Ungeachtet dessen haben aber die Themenführerschaft wieder die alten Verdächtigen (Inflation, Tapering und steigende Marktzinsen) an sich gerissen. Obwohl die Inflationsthematik nie aus dem Augenmerk der Investoren verschwunden war, ist das Thema nicht zuletzt mit dem Eingeständnis von Fed-Chef Jerome Powell, dass sich die Inflation wohl länger auf einem höheren Stand halten werde als zuvor gedacht, wieder in den Vordergrund gerückt. Zudem hat die US-Notenbank bei ihrer letzten Sitzung bereits signalisiert, dass sie demnächst ihren ultralockeren geldpolitischen Kurs etwas straffen und möglicherweise schon Ende 2022 die Zinsen anheben könnte. Daraufhin stiegen die Renditen der zehnjährigen US-Anleihen sukzessive auf über 1,5 %, was den höchsten Wert seit rund drei Monaten darstellt.

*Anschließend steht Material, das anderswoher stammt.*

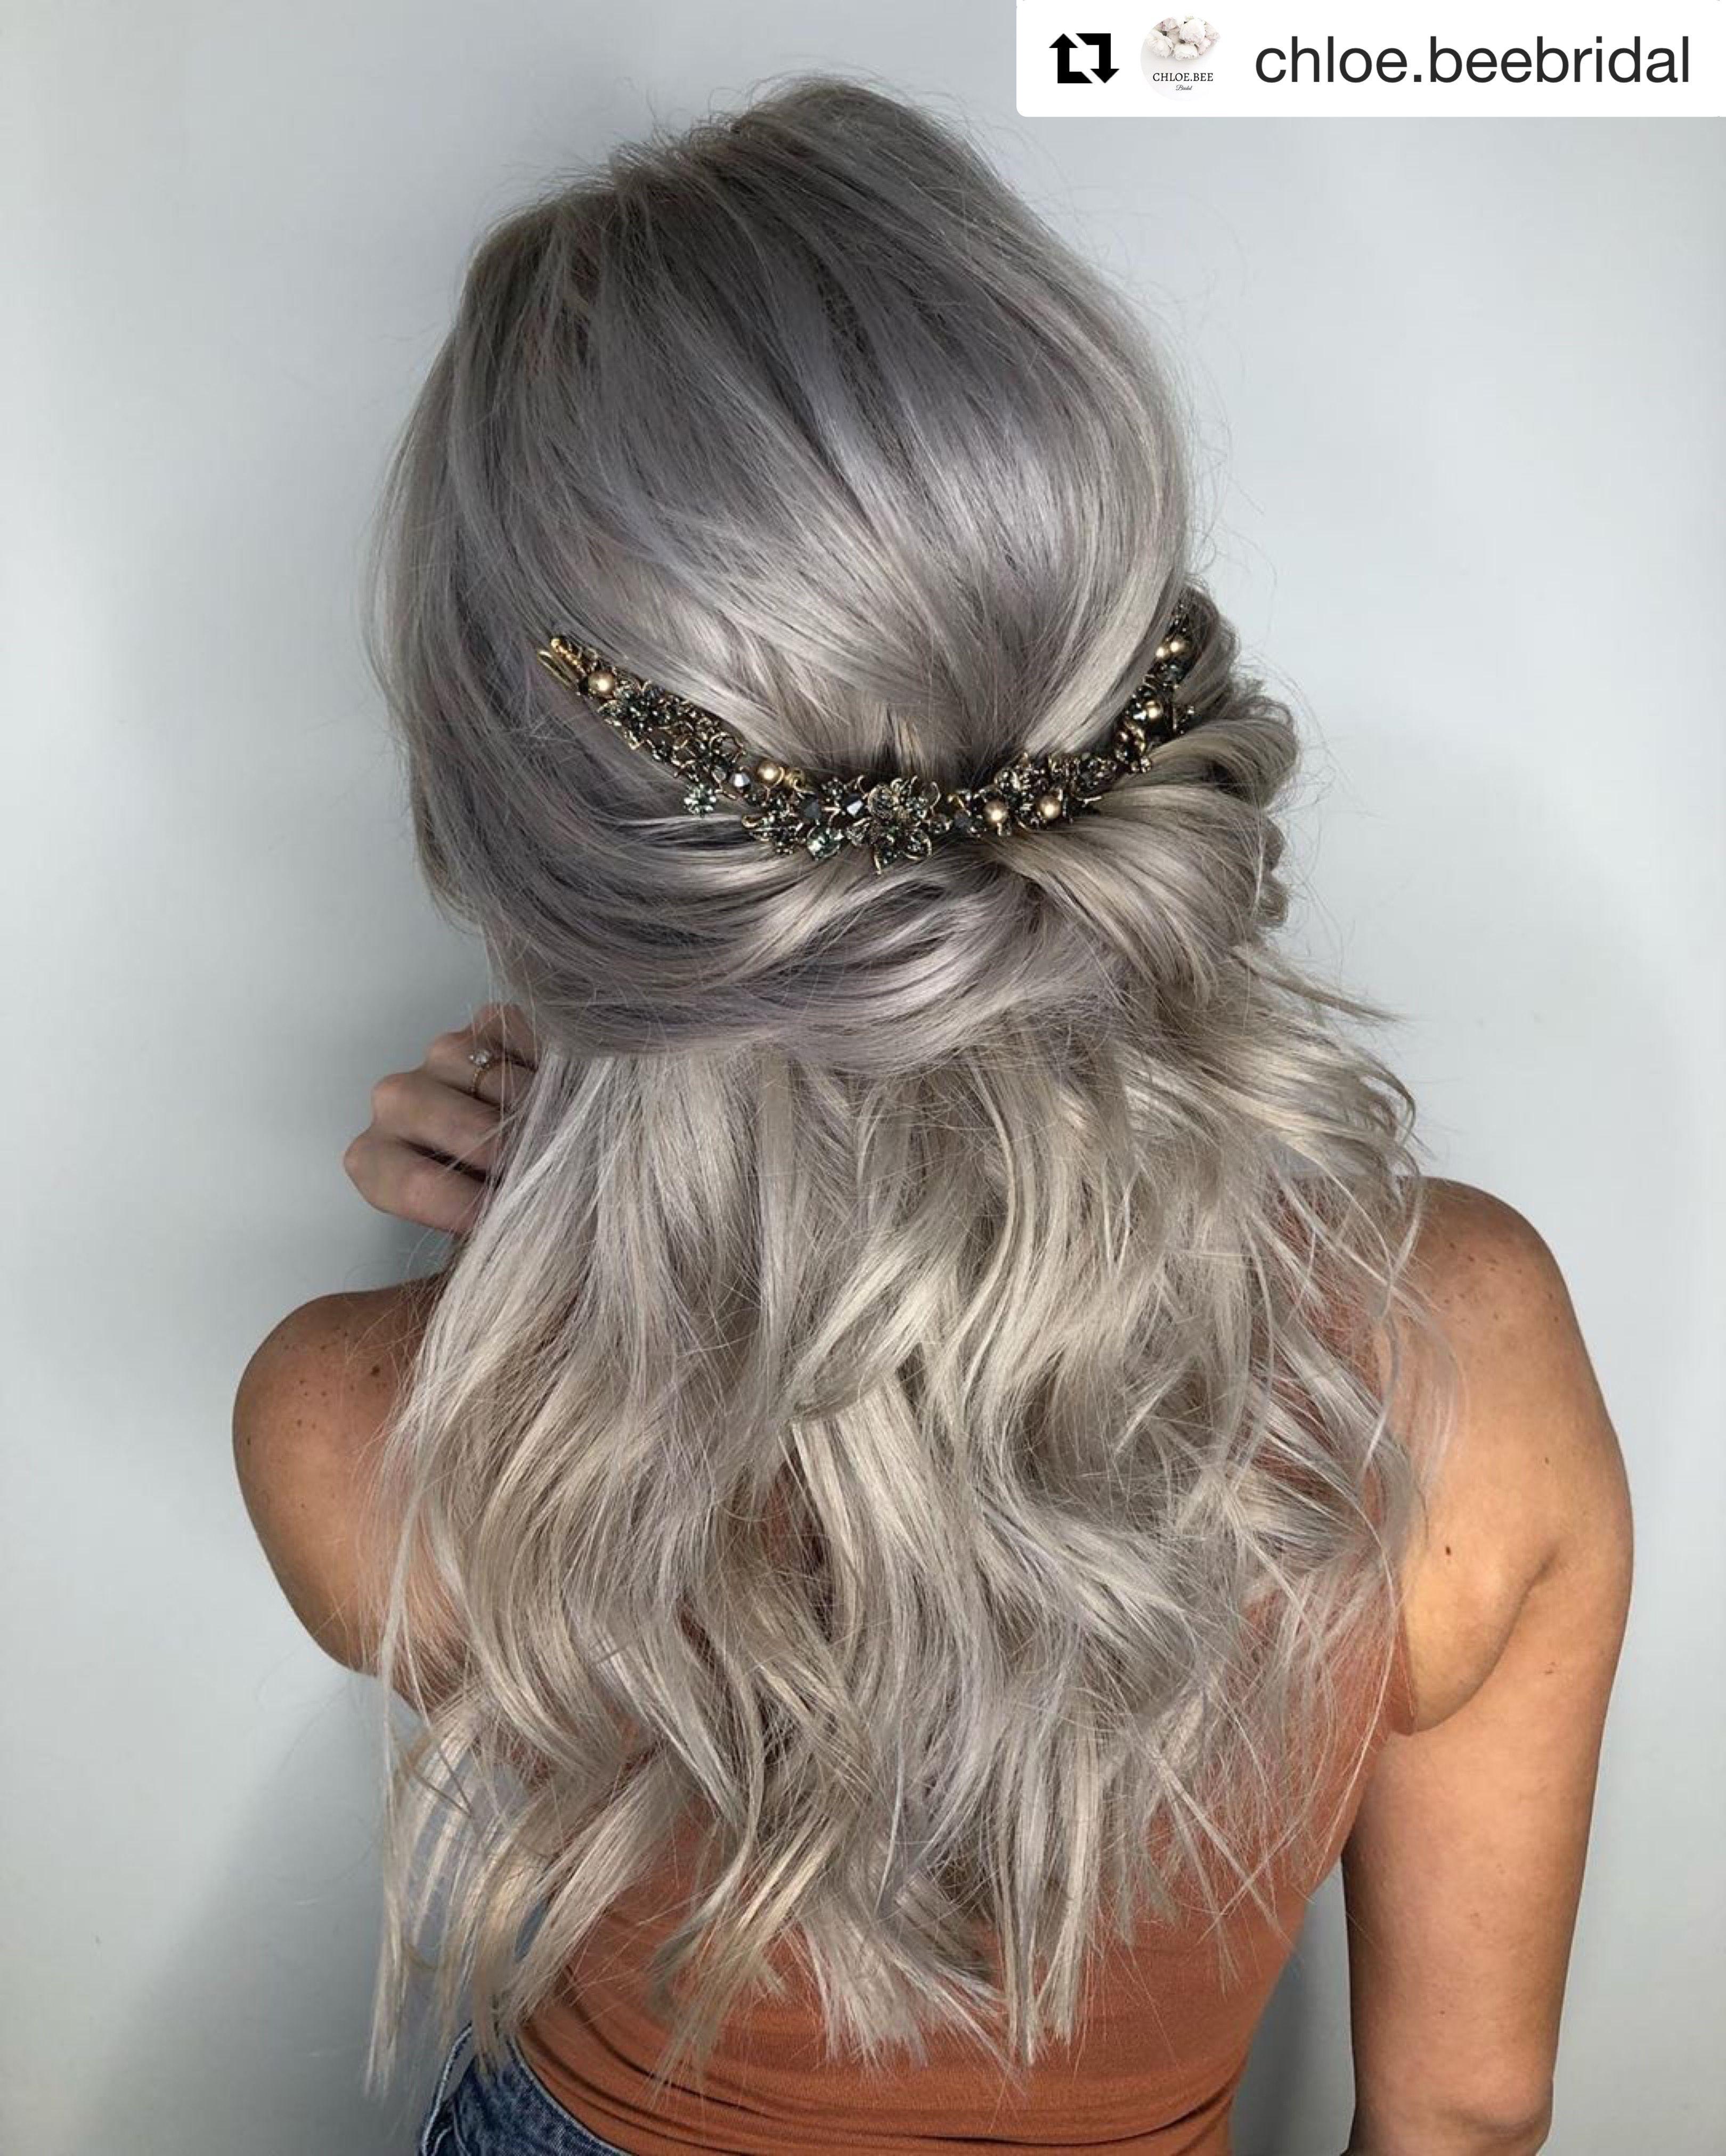 Ash Blonde Wavy Curly Half Up Half Down Wedding Hair Style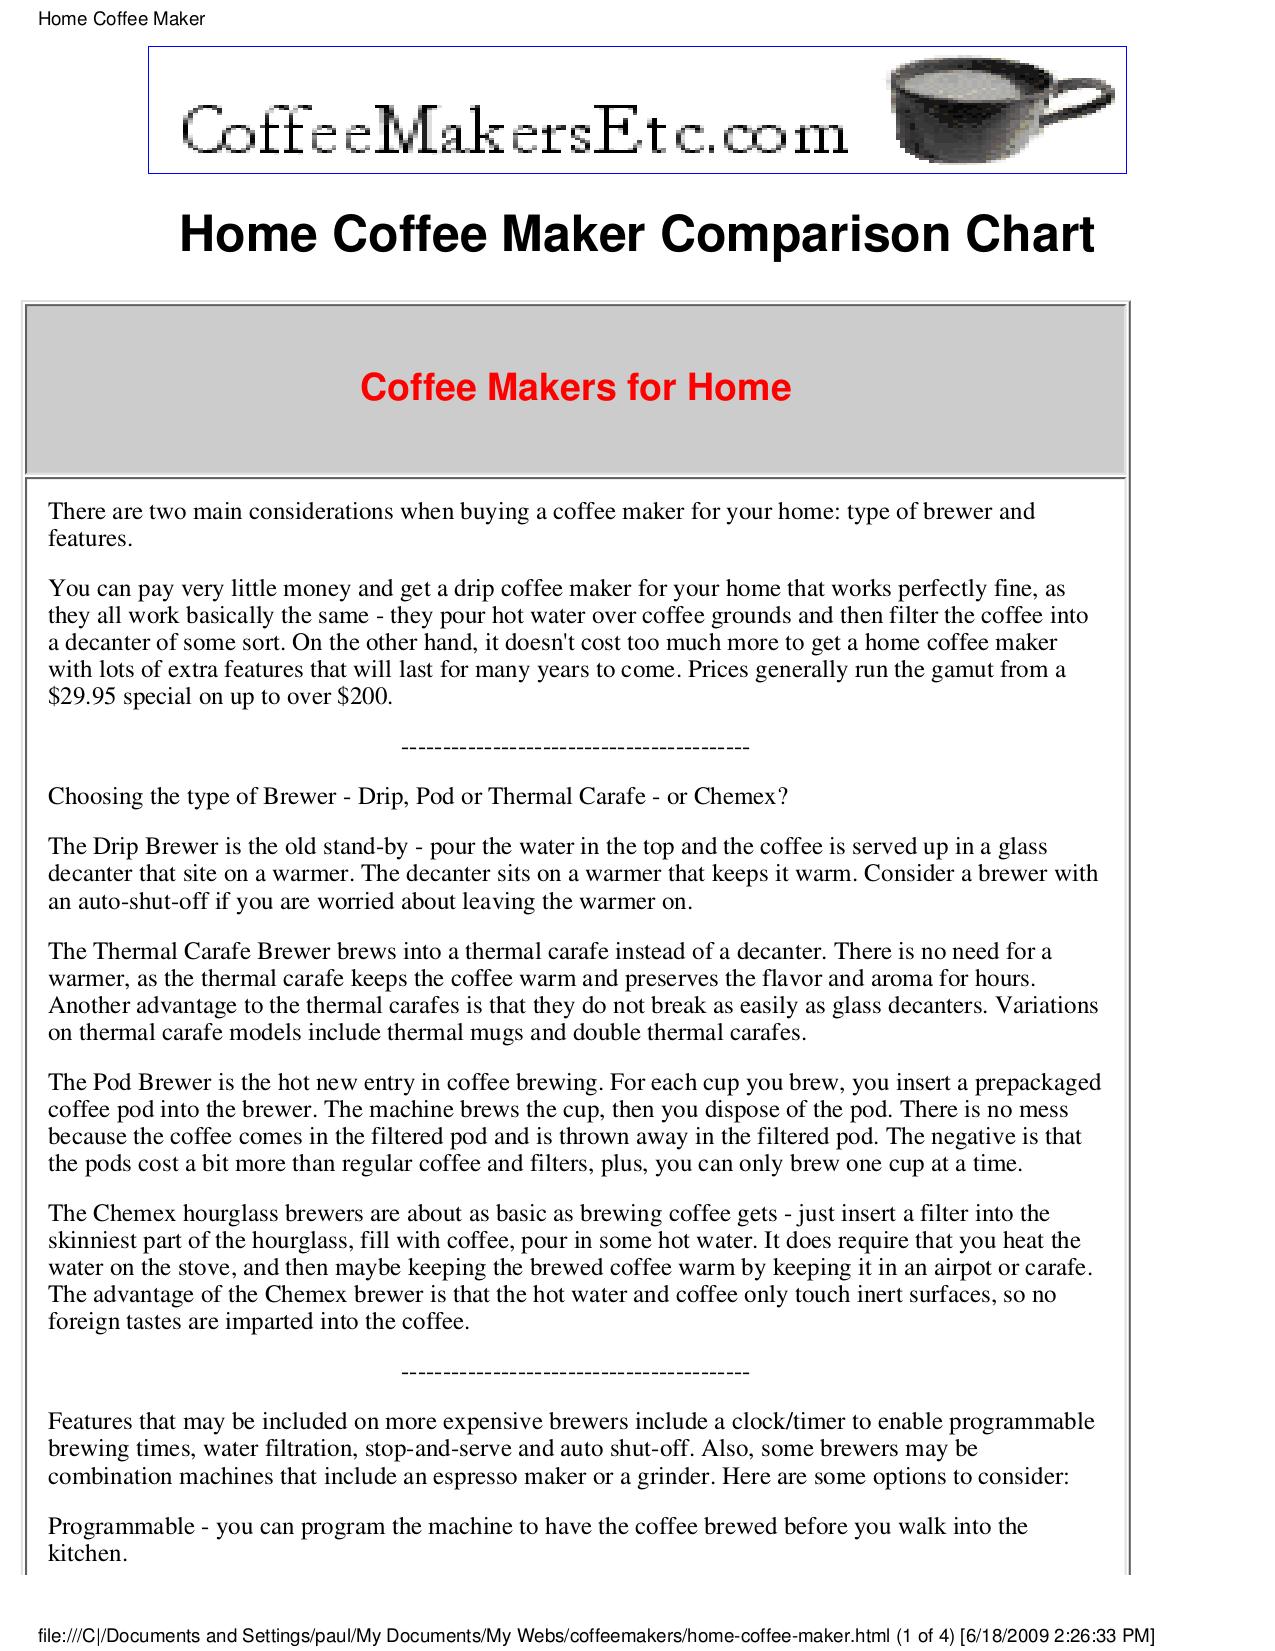 pdf for Krups Coffee Maker KM7000 manual

Die Marktteilnehmer haben diesbezüglich eine etwas schizophrene Haltung eingenommen, was sich auch in den zuletzt deutlich schwankenden Kursen widerspiegelte. Denn einerseits unterstreicht die allmähliche Änderung der Zentralbankpolitik den Optimismus hinsichtlich des Wirtschaftswachstums und andererseits belastete aber der daraus resultierende Anstieg der Marktzinsen in den USA das Aktien-Umfeld. Insgesamt konnte sich die Standardwerte besser als die Technologieunternehmen behaupten, zumal diese auch abseits der sich langsam wieder normalisierenden Wachstumsraten eine stärker ausgeprägte Zinsreagibilität aufweisen. Dies unterstreicht auch unser Chart der Woche: Dargestellt ist hier der Verlauf des MSCI World Value sowie des MSCI World Growth über die letzten zwei Wochen. Gut zu erkennen ist hierbei, dass sich nach der relativ „hawkischen“ Zinssitzung der Fed am 22.09. und der daraufhin sukzessiv ansteigenden Renditen der gemeinsame Weg von Value und Growth getrennt hatte. Während die Wachstumstitel ihr Glück in Richtung Süden suchten, konnten sich die Value-Aktien sichtlich besser in diesem Umfeld behaupten.
Abseits von Rendite-Entwicklung und Inflation wird das nächste große Thema die in bereits rund zwei Wochen beginnende US-Berichtssaison sein. Hier wird sich dann zeigen, ob die Gewinnentwicklung, die ihren Basiseffekt bedingten Höhepunkt der Coronakrise überschritten hat, die luftigen Bewertungen (v.a. bei Technologie- Werten) nach wie vor rechtfertigen wird. Wir sind hier zuversichtlich gestimmt und erwarten eine positiv verlaufende Berichtssaison. Zudem gehen wir von einer weiterhin sehr soliden wirtschaftlichen Entwicklung aus, wobei auch die nach wie vor reichlich vorhandene Liquidität und die sehr günstigen Refinanzierungsmöglichkeiten die hohen Wachstumserwartungen positiv abrunden. Wenngleich die von uns erwartete Schwächephase über die Sommermonate sich bis in den September verzögert hatte, nutzen wir die aktuelle Konsolidierung und heben hiermit unsere Empfehlungen wieder auf „Kauf“. Auch wenn die Risikoaversion unter den Marktteilnehmern kurzfristig noch etwas anhalten könnte, so sehen wir die fundamentalen Rahmenbedingungen bestens geeignet, um auf Jahressicht weiter ansteigende Kurse zu sehen."